Mayor Bill de Blasio described the fatal shooting of a 66-year-old mentally-ill Bronx woman last night as a preventable tragedy, but commended Police Commissioner James O’Neill for his “transparency and accountability” about the failures of the NYPD sergeant who killed her.
At about 6:15 p.m., a uniformed sergeant—who some outlets have identified as Hugh Barry—investigating an apartment in the Bronx and found an emotionally disturbed woman, identified as Deborah Tanner, holding a pair of scissors, according to the NYPD. After putting down the scissors, Tanner approached the sergeant and grabbed a baseball bat and attempted hit him—leading him to fire two shots from his service revolver, even though he carried a stun gun, striking her in the torso. She sustained wounds to the torso and was pronounced dead at a local hospital.
This morning, O’Neill said point blank that the cop involved had acted inappropriately.
“What is clear in this once instance, we failed,” O’Neill told reporters this morning. “We do have policies and procedures for handling emotionally disturbed people and it looks like some of those procedures weren’t followed.”
De Blasio urged New Yorkers should have “have some faith right now” in his NYPD, since O’Neill immediately came forward and told the public what he believed had happened and”exactly how wrong it was.”
“Our commissioner very forthrightly told the people of this city what he saw and how it violated the protocols that are in place,” de Blasio said in City Hall’s Blue Room this afternoon. “I think that is an important statement of transparency and accountability and I think it’s very important to note that the commissioner took immediate action in modifying the sergeant, taking away his gun and badge.”
When a reporter inquired why the mayor did not have the full details about the officer involved in the shooting, and why O’Neill was absent from at the briefing, de Blasio responded in his typically hostile manner.
“Nice try and absolutely inaccurate,”the mayor said, even telling the reporter to ask a serious question in light of the gravity of the tragedy.
“The commissioner and I are fully coordinated,” de Blasio continued. “I said moments ago we met last night until 11 p.m.
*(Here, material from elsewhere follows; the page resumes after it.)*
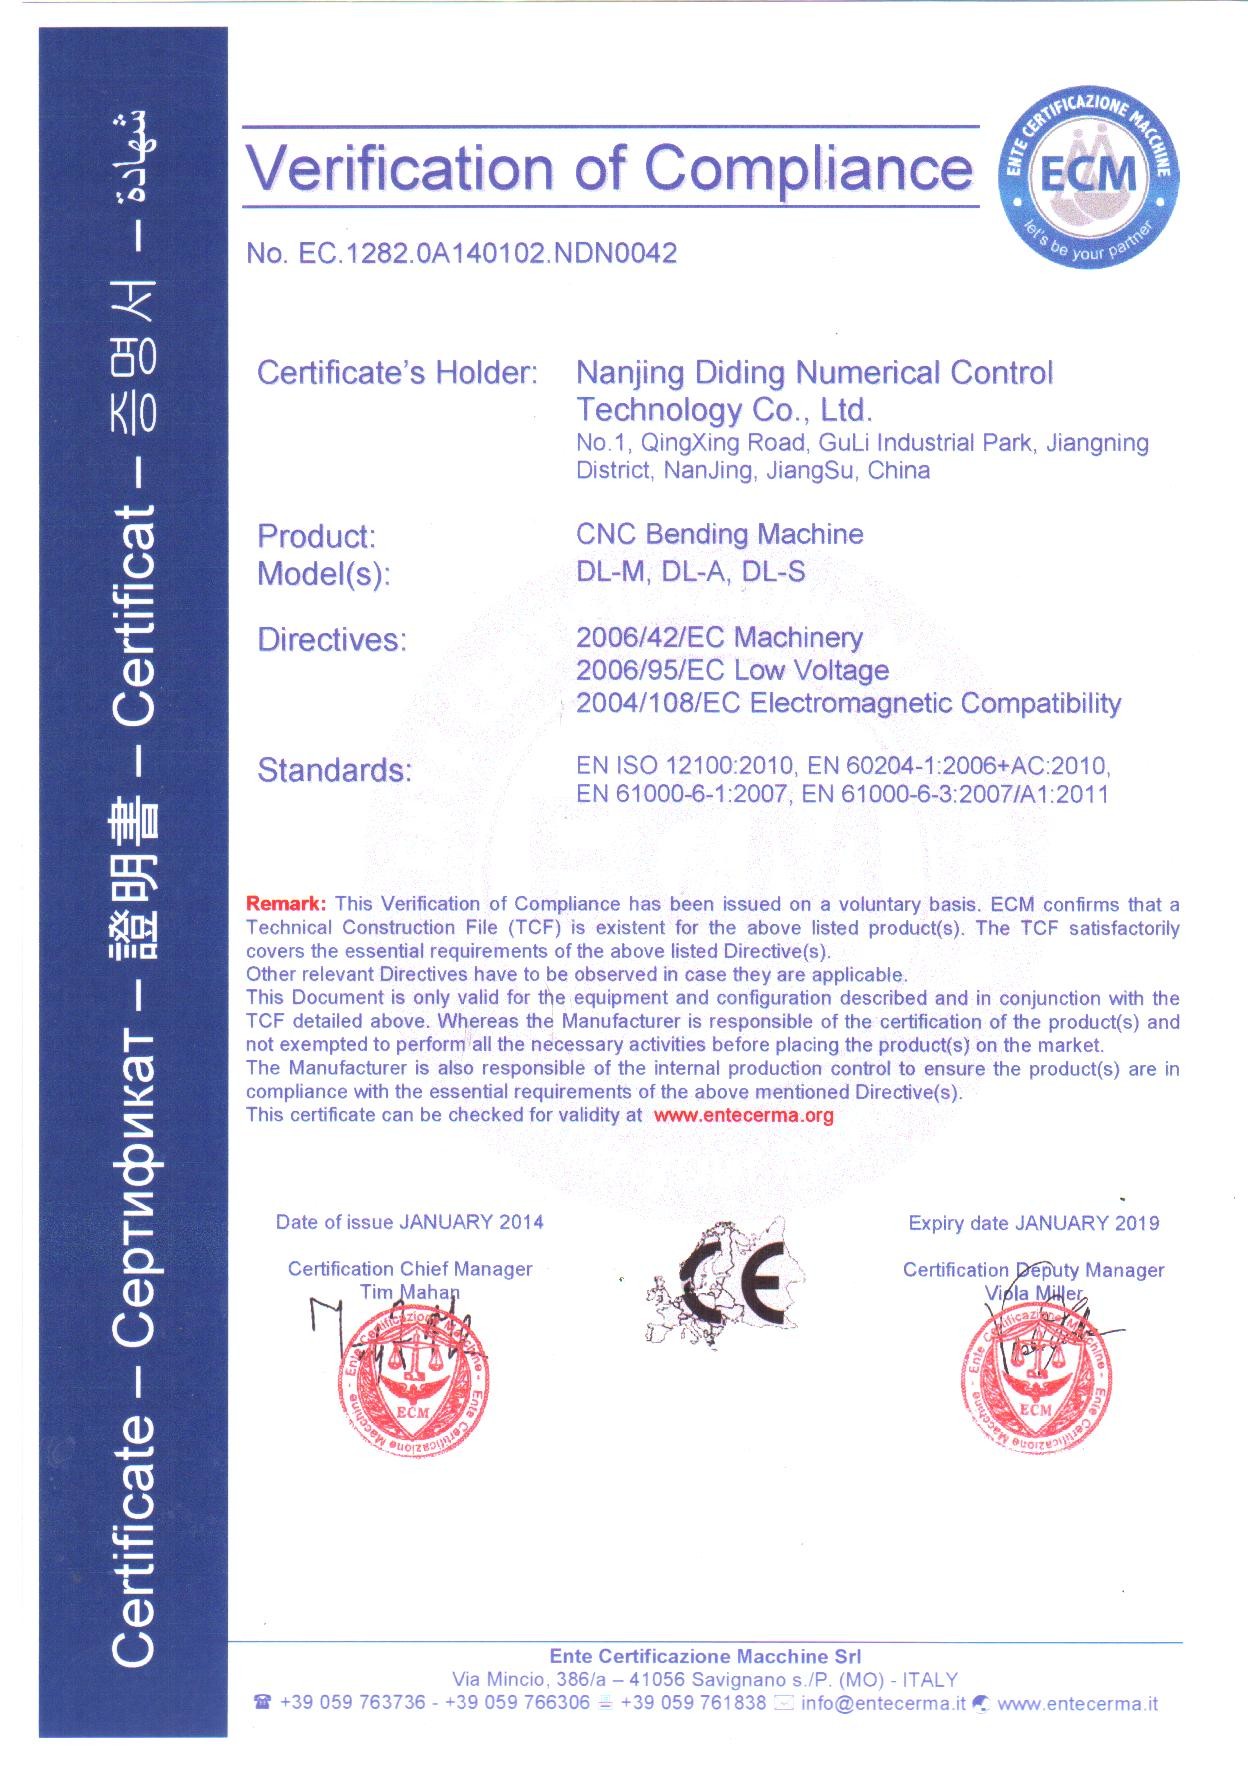 Nanjing Diding Numerical Control Technology Co., Ltd. Certifications

I spoke to him several times in the last hour here, totally coordinated.”
Indeed, the mayor said that despite not having an exhaustive account of the officer’s entire career, he knows for a fact that the officer experienced some of the de Blasio administration’s much-touted new training. He noted that there was time for the Emergency Services Unit to arrive, which he said is trained to deal with situations in which someone is inside of their home and acting erratically or violently and that there was also the option of bringing in hostage negotiators.
“The initial information suggests there was an initial de-escalation attempt by the sergeant and that it was successful in terms of getting Ms. Danner put down in particular a pair of scissors,” de Blasio said. “But why the rest of the protocol wasn’t followed is what we don’t understand.”
The mayor also said he met with Jennifer Danner, Deborah’s sister, who told him that her sister’s mental health problems had emerged during college and that she has spent decades trying to help her. Jennifer, who was in the hallway, also told the mayor that there were other instances in which police were able to successfully take Deborah out of the apartment so she could be hospitalized.
“It should never have happened. It’s as simple as that: it should never have happened,” de Blasio said.
And Monifa Bandele, spokeswoman for Communities United for Police Reform, expressed concerns about the fact that Danner is the seventh New Yorker considered emotionally disturbed to die in the NYPD’s hands either due to use of force or in police custody during the current administration. She similarly reiterated calls for the city to disclose the officer’s disciplinary records—which de Blasio’s police department has taken the unprecedented step of sealing.
“While acknowledgement of failure is an important step, whether this administration is serious about changing more than just rhetoric will be measured by whether disciplinary action is swift, meaningful and comprehensive,” Bandele said in a statement.
Bronx Borough President Ruben Diaz Jr.—who first shot to citywide prominence after the Amadou Diallo shooting in 1999—has called on Bronx District Attorney Darcel Clark and Attorney General Eric Schneiderman to investigate Danner’s death. The City Council’s Black, Latino and Asian Caucus has echoed Bandele’s call for the de Blasio administration to release the officer’s disciplinary records.